What NOT to put in the brief
Contradictory pairs: "Professional but friendly." These cancel out.
Over-specified formatting rules: "Always 3 bullet points, always end with a question." Output gets rigid.
Vague aspirations: "engaging," "thought-provoking," "premium." No operational meaning.
Long personality essays: longer than 3 sentences dilutes signal.
Cliches about your industry: "We move fast and break things." Empty calories.
How to iterate the brief
Every edit you make to AI output is an iteration signal. Process:
Generate an output.
Edit aggressively.
Ask: why did the AI miss this?
Update the appropriate section of the brief.
Generate the next output. Repeat.
After 15-20 iterations, the brief stabilizes. You will start approving most outputs untouched. That is the threshold where autopilot becomes safe.
Frequently asked questions
How long should the Persona Brief be?
Total length: 500-1,200 words. Shorter than 500 leaves too much room for LLM defaults. Longer than 1,200 wastes context tokens without adding signal. The 5-section structure naturally lands in this range.
Can I copy a Persona Brief from another founder?
You can use it as a template, but the content must be yours. Copying voice DNA verbatim produces output that sounds like the other founder. Use the structure, write your own content.
How often should I update the Persona Brief?
Update sections 1-2 only when your role or audience changes (rare). Update sections 3-5 continuously based on edits. Aim for 3-5 updates per week during the 14-day ramp, then 1-2 per month after.
What happens if my voice evolves over time?

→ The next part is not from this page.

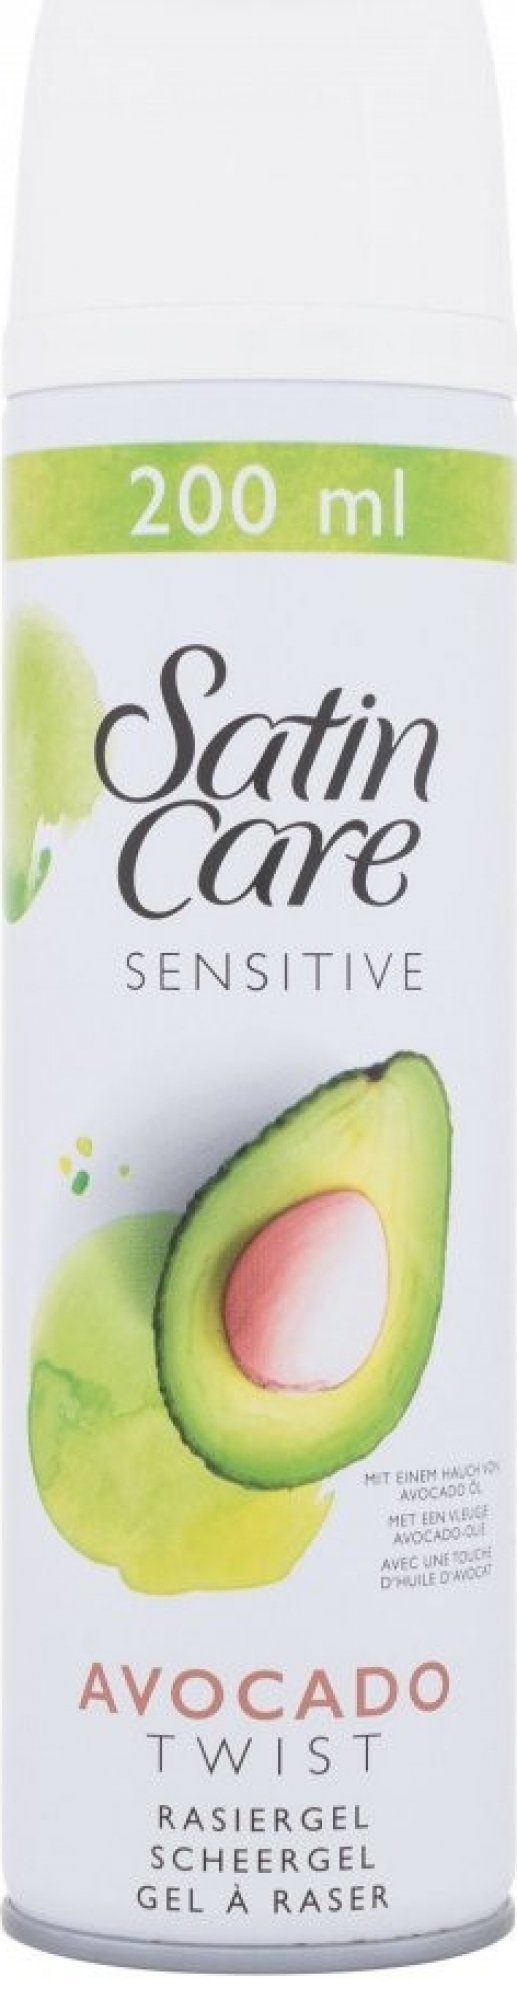 Gillette Satin Care Sensitive Avocado Twist Gel na holení, 200 ml
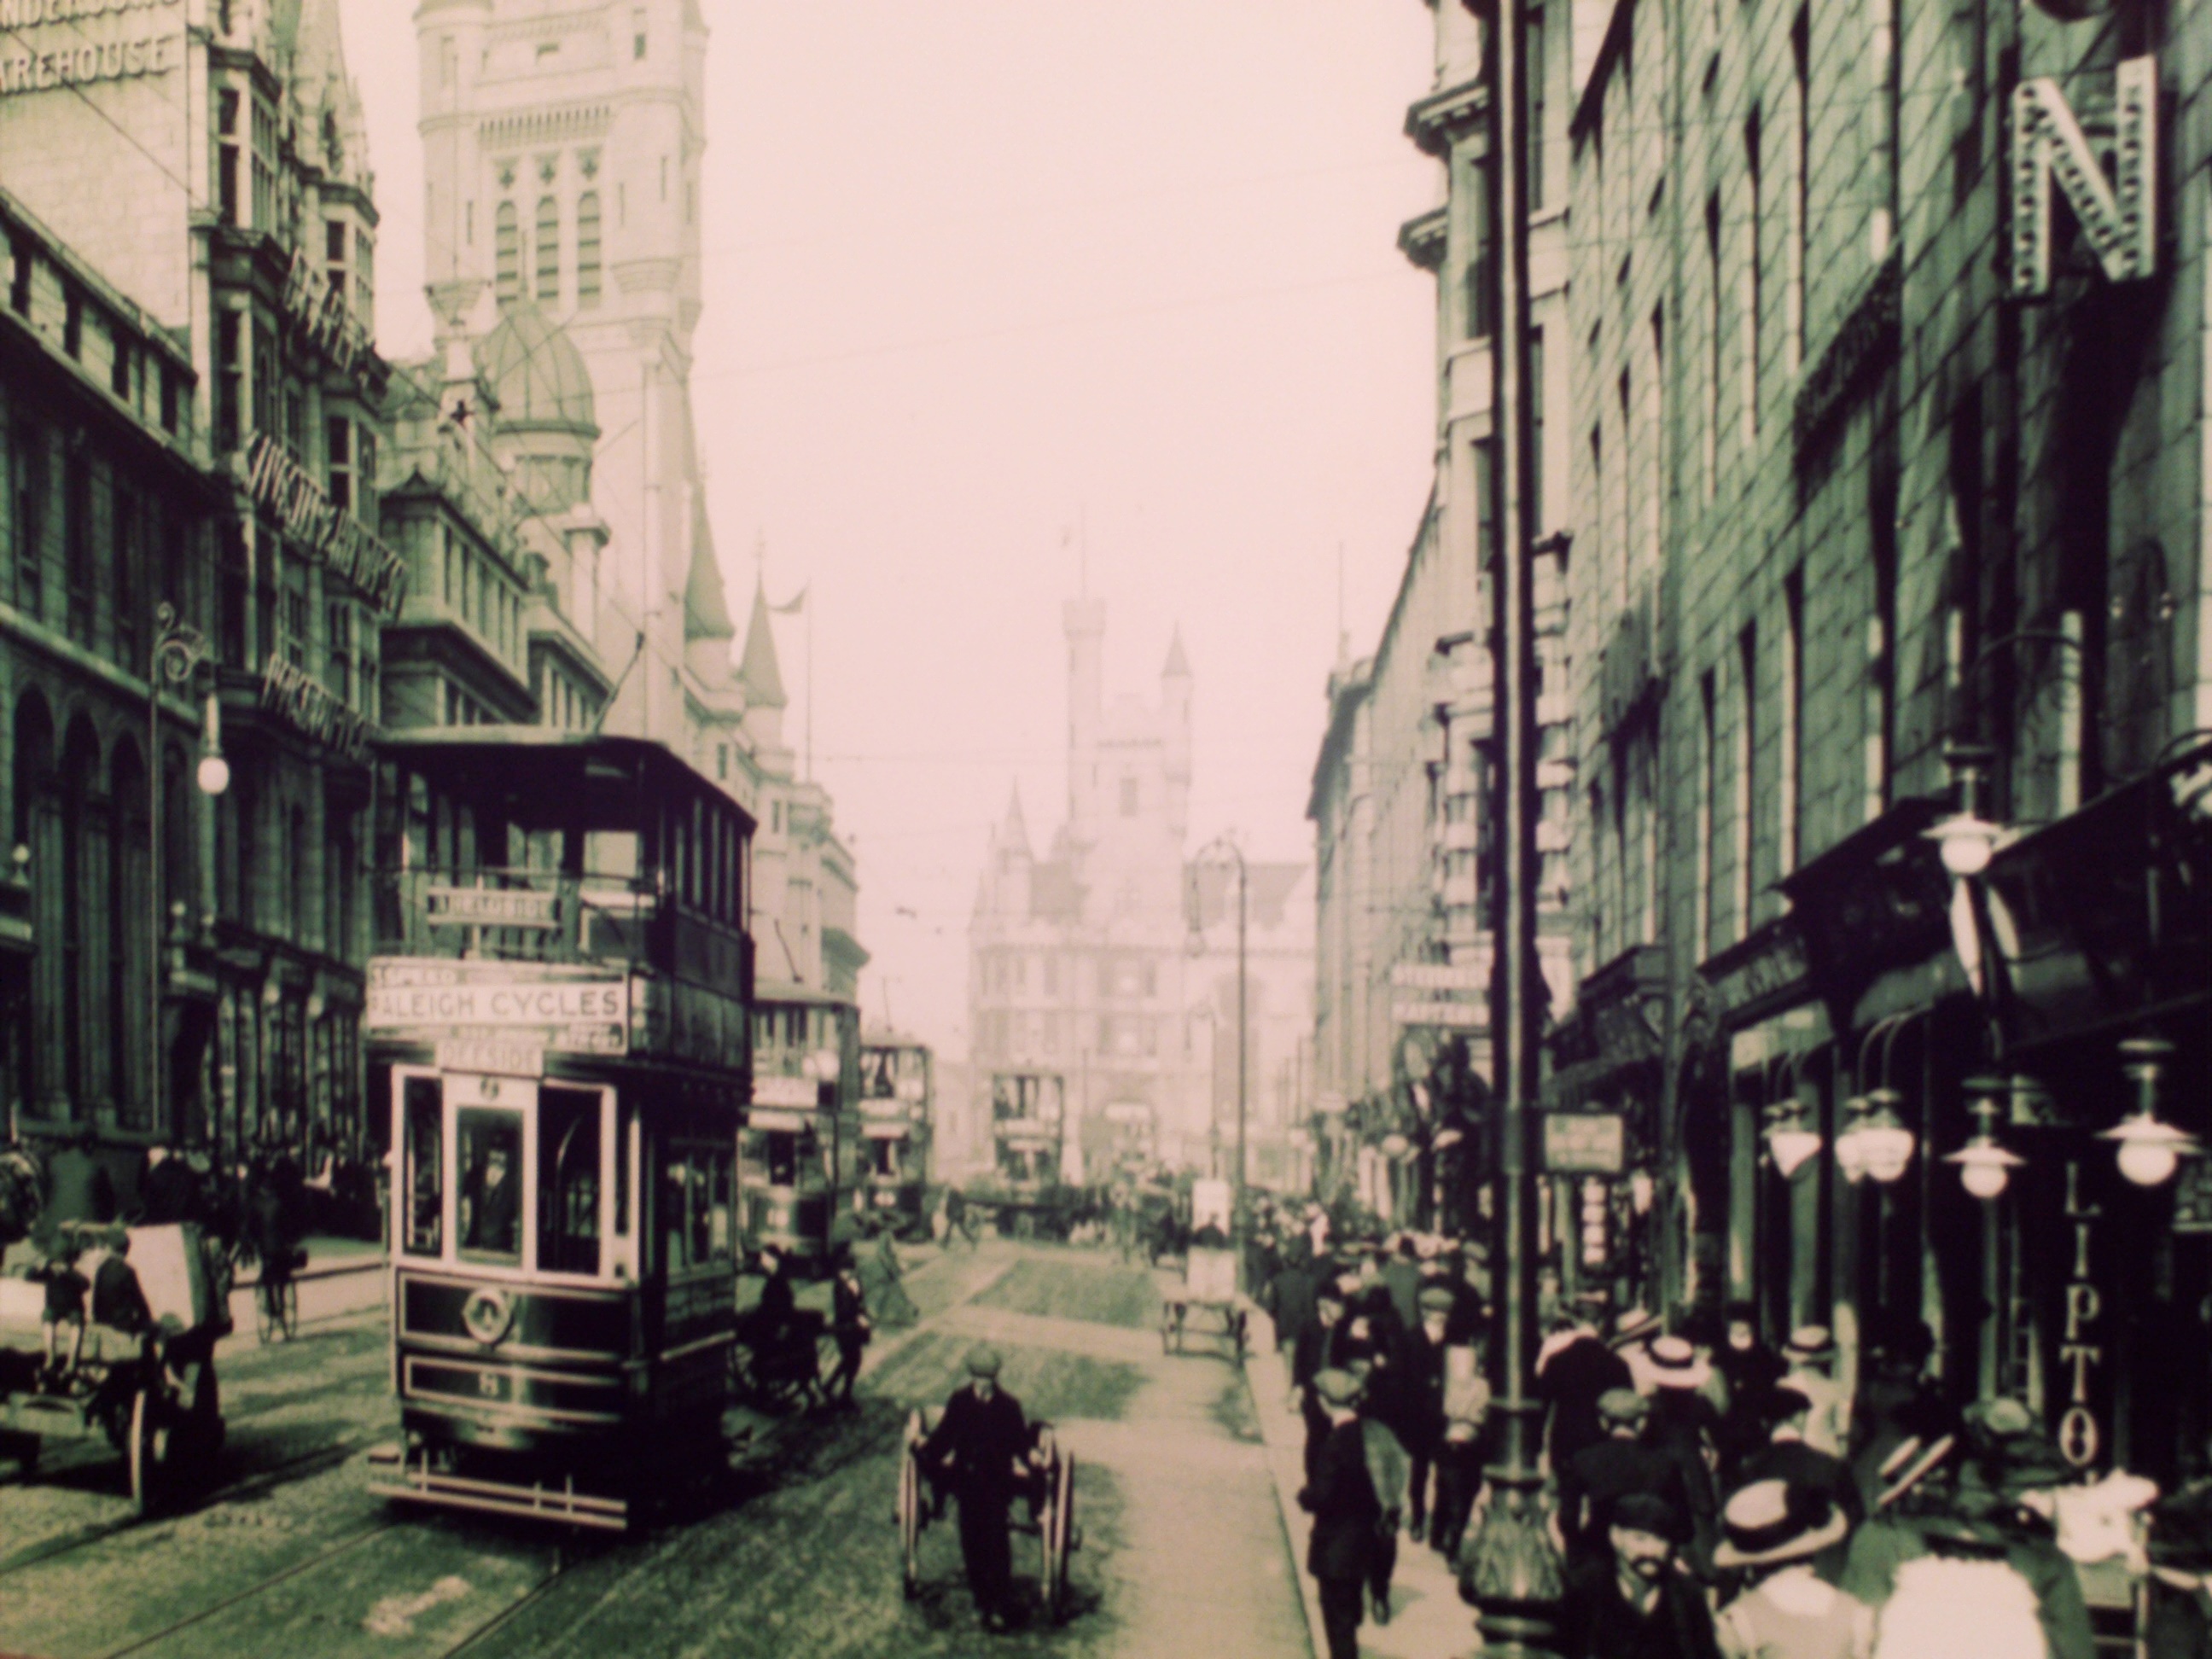 Edinburgh trams from the 1900s

Update the brief. Reference posts especially should reflect your most recent best work, not your work from 2 years ago. Stale references produce stale-sounding output.
Should I have one brief or multiple briefs per platform?
One base brief covering your universal voice. Platform-specific overrides handle tone differences (X terse, LinkedIn long-form, TikTok conversational). The base brief is 80% of the work; overrides are 20%.